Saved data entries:
+ + + +

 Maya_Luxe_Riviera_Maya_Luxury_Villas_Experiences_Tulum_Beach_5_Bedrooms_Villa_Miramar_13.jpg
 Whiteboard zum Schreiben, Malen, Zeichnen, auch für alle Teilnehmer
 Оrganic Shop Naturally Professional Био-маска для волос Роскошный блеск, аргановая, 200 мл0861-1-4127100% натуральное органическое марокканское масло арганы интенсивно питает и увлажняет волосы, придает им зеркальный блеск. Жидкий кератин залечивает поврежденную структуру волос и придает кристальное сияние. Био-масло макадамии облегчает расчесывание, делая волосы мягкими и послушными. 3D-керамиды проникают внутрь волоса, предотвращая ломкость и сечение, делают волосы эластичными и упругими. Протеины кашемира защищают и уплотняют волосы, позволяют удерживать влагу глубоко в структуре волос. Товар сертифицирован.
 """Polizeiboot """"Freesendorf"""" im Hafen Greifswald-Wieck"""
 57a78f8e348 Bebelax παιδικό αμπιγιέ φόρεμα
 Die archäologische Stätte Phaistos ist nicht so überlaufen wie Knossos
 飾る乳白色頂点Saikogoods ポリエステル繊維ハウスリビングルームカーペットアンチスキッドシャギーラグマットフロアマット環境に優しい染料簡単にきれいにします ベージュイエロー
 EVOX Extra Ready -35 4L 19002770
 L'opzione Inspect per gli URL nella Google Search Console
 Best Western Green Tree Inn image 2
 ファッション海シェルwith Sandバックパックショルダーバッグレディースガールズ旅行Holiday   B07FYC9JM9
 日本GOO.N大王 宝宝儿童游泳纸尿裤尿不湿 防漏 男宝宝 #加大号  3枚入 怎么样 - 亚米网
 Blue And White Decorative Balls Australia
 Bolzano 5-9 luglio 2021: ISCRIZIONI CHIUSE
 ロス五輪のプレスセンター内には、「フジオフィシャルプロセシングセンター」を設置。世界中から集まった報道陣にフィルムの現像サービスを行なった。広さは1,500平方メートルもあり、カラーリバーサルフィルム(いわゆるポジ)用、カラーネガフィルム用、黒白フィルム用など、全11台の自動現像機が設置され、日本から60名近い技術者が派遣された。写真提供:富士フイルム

+ + + +

The records above are to be duplicated in full and exactly.

- YOUR RESPONSE
 Maya_Luxe_Riviera_Maya_Luxury_Villas_Experiences_Tulum_Beach_5_Bedrooms_Villa_Miramar_13.jpg
 Whiteboard zum Schreiben, Malen, Zeichnen, auch für alle Teilnehmer
 Оrganic Shop Naturally Professional Био-маска для волос Роскошный блеск, аргановая, 200 мл0861-1-4127100% натуральное органическое марокканское масло арганы интенсивно питает и увлажняет волосы, придает им зеркальный блеск. Жидкий кератин залечивает поврежденную структуру волос и придает кристальное сияние. Био-масло макадамии облегчает расчесывание, делая волосы мягкими и послушными. 3D-керамиды проникают внутрь волоса, предотвращая ломкость и сечение, делают волосы эластичными и упругими. Протеины кашемира защищают и уплотняют волосы, позволяют удерживать влагу глубоко в структуре волос. Товар сертифицирован.
 """Polizeiboot """"Freesendorf"""" im Hafen Greifswald-Wieck"""
 57a78f8e348 Bebelax παιδικό αμπιγιέ φόρεμα
 Die archäologische Stätte Phaistos ist nicht so überlaufen wie Knossos
 飾る乳白色頂点Saikogoods ポリエステル繊維ハウスリビングルームカーペットアンチスキッドシャギーラグマットフロアマット環境に優しい染料簡単にきれいにします ベージュイエロー
 EVOX Extra Ready -35 4L 19002770
 L'opzione Inspect per gli URL nella Google Search Console
 Best Western Green Tree Inn image 2
 ファッション海シェルwith Sandバックパックショルダーバッグレディースガールズ旅行Holiday   B07FYC9JM9
 日本GOO.N大王 宝宝儿童游泳纸尿裤尿不湿 防漏 男宝宝 #加大号  3枚入 怎么样 - 亚米网
 Blue And White Decorative Balls Australia
 Bolzano 5-9 luglio 2021: ISCRIZIONI CHIUSE
 ロス五輪のプレスセンター内には、「フジオフィシャルプロセシングセンター」を設置。世界中から集まった報道陣にフィルムの現像サービスを行なった。広さは1,500平方メートルもあり、カラーリバーサルフィルム(いわゆるポジ)用、カラーネガフィルム用、黒白フィルム用など、全11台の自動現像機が設置され、日本から60名近い技術者が派遣された。写真提供:富士フイルム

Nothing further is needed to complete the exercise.